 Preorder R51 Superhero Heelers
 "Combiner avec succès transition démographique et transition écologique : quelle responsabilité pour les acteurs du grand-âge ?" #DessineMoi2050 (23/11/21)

--*--

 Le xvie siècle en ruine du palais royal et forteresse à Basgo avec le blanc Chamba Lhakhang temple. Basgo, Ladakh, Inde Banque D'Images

--*--

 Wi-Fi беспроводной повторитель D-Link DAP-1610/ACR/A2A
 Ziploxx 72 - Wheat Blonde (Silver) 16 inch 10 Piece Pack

--*--

Would you copy, unchanged, the stretch of the records above that begins at the line containing "Preorder R51 Superhero Heelers" and ends at the line containing "avec succès transition", and only that?

 Preorder R51 Superhero Heelers
 "Combiner avec succès transition démographique et transition écologique : quelle responsabilité pour les acteurs du grand-âge ?" #DessineMoi2050 (23/11/21)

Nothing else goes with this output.